Comparatively, the emails provided to Huffington Post and Fox News show one very big difference. In the email purportedly from Stevenson provided by the Haab family, the second paragraph is changed from the original email provided to Mediaite. The email provided to the Huffington Post reads: “This is what Colton and I discussed on the phone. He needs to stick to this.”
Below is a copy of the doctored email that was sent to the Huffington Post:
An additional email exchange provided by Fox News to CNN and inquiring for comment shows the same language.
The change leaves out the important context from the original email, which included “that he submitted,” making clear that the question came from Colton.

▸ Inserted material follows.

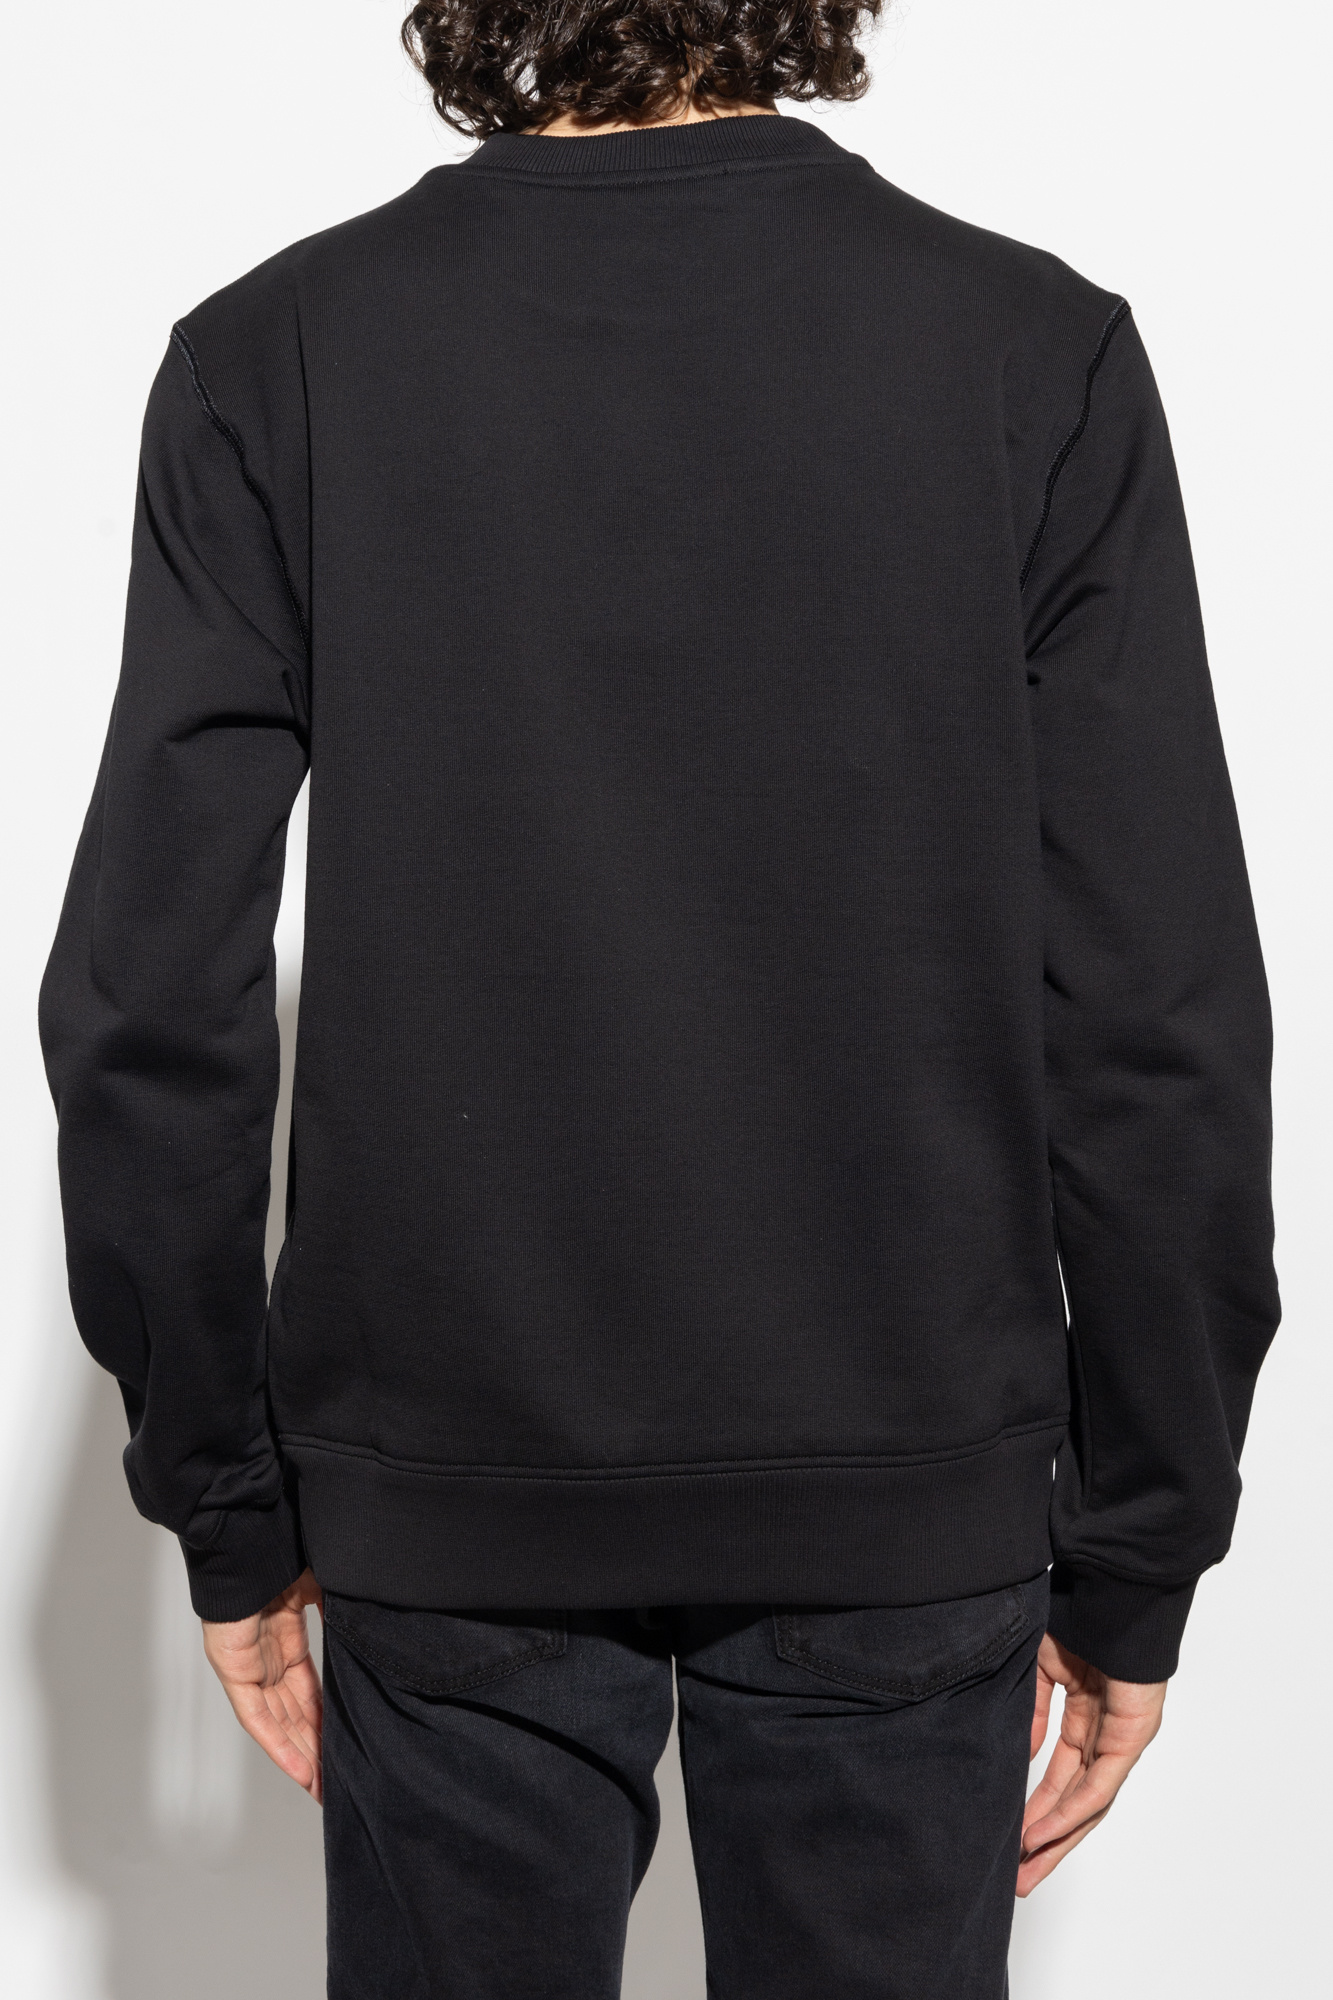 Black Sweatshirt with logo Dolce mittelgroe IetpShops - sicily & dolce 90s item - Australia gabbana schultertasche Gabbana

According to a CNN source, after Colton sent over his list of questions he wanted to ask at the town hall, Stevenson spoke on the phone with the student to decide on which question he’d use. The framing language for the question that was emailed over later came verbatim from a Fox & Friends interview Colton had done that helped draw CNN’s attention to him.
Prior to Stevenson sending Colton’s father the email asking that Colton “stick” to the question that he submitted, the source noted that Glenn had been in touch with Stevenson telling her that Colton would like to be given an opportunity to say more. At one point, Glenn emailed over a multi-page speech that was laced with questions and comments that Colton would prefer to read instead, thus prompting Stevenson’s email requesting Colton stay with the one question.